Air Force abuzz about Boston
Alabama frets over the proposed transfer of 1,250 Air Force IT jobs to Massachusetts and two canceled service IT shows.
MONTGOMERY, Ala. -- The buzz of the Montgomery Information Technology Summit conference this year is the proposed transfer of 1,250 Air Force IT jobs from this area to Massachusetts and the cancellation of two service IT shows later this year.
The Defense Department's Base Realignment and Closure Commission (BRAC) earlier this month recommended moving the Air Force's Headquarters Standard Systems Group (HQ SSG) at Gunter Annex, Maxwell Air Force Base, Ala., to the service’s Electronic Systems Center at Hanscom Air Force Base, Mass.
Rob Thomas, deputy director of the new Office of the Secretary of the Air Force, Chief of Warfighting Integration and Chief Information Officer, confirmed the BRAC decision during an interview today.
Thomas said he supports the decision to move HQ SSG and its 750 Air Force uniform and 550 civilian employees to the Electronic Systems Center. Moving the organization that administers the Air Force’s business and combat support IT to Boston puts it in the same location as the new unit that handles its procurement, Operations Support Systems Wing.
“We had a fragmentation of C4ISR [command, control, communications, computers, intelligence, surveillance and reconnaissance] for years,” Thomas said.
Thomas said he understands the importance of HQ SSG to the economy of Alabama because of the defense contractors and conferences here. However, he said the state will get 3,000 jobs when Army Materiel Command moves from Fort Belvoir, Va., to Redstone Arsenal, Ala.
The opening of a Hyundai automobile plant in Montgomery earlier this month may also lessen the impact of possibly losing HQ SSG. But in his remarks to open the conference, G. Carlton Barker, chairman of the Montgomery Area Chamber of Commerce, signaled a fight to save the jobs and said that the weather here was sunny and in the 90s yesterday while it was raining and in the 40s in Boston.

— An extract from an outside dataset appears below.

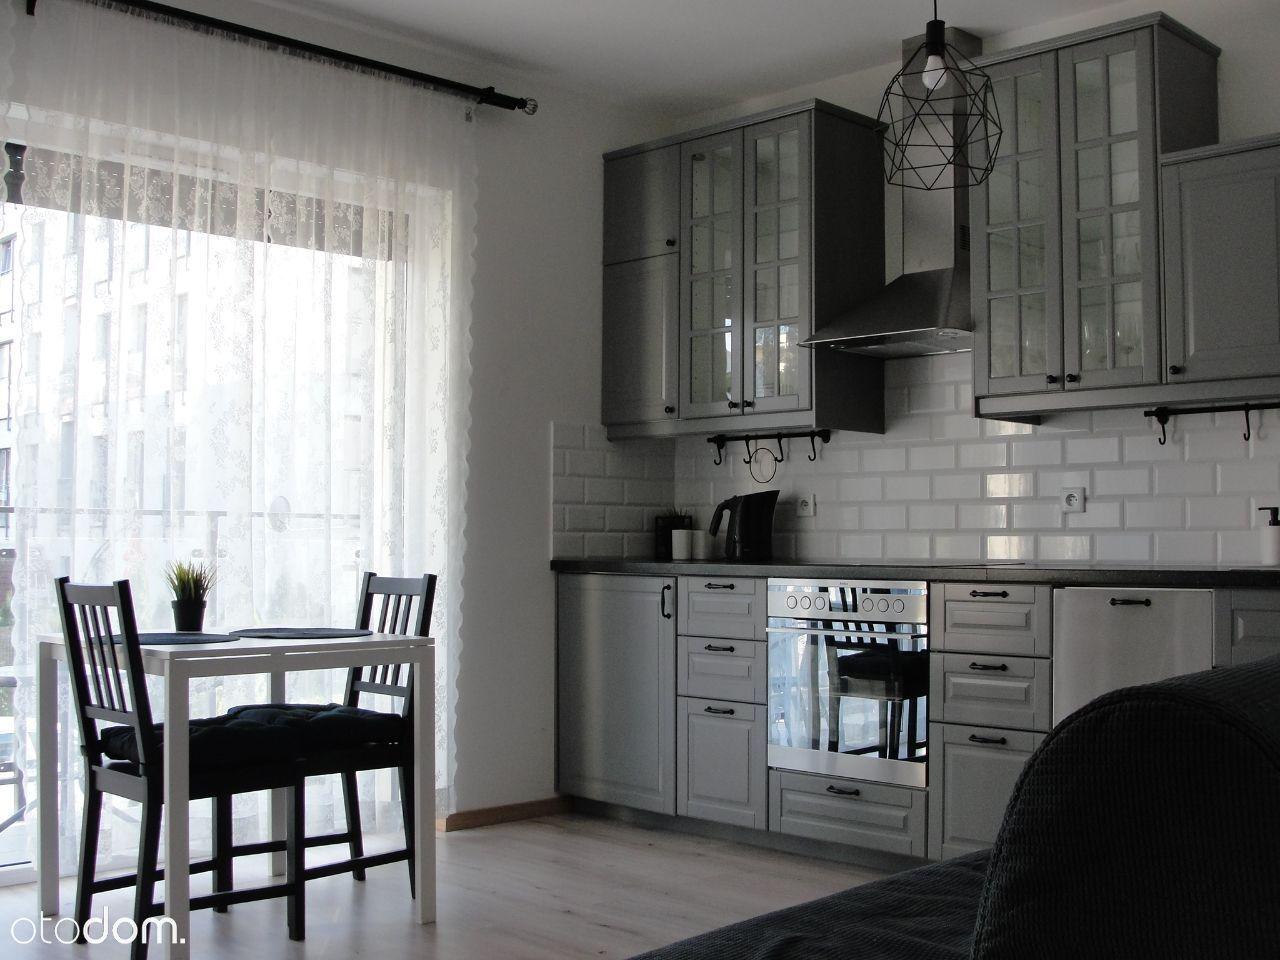 Kawalerka 31 m2 Teofila MAteckiego

Thomas also confirmed the Air Force decided to cancel the popular, annual Air Force IT Conference this summer in Montgomery and the Air Force C4ISR conference this fall in Boston. He said budgetary constraints, the global war on terrorism and service costs associated with about 3,200 service employees attending both shows forced Air Force officials to cancel them.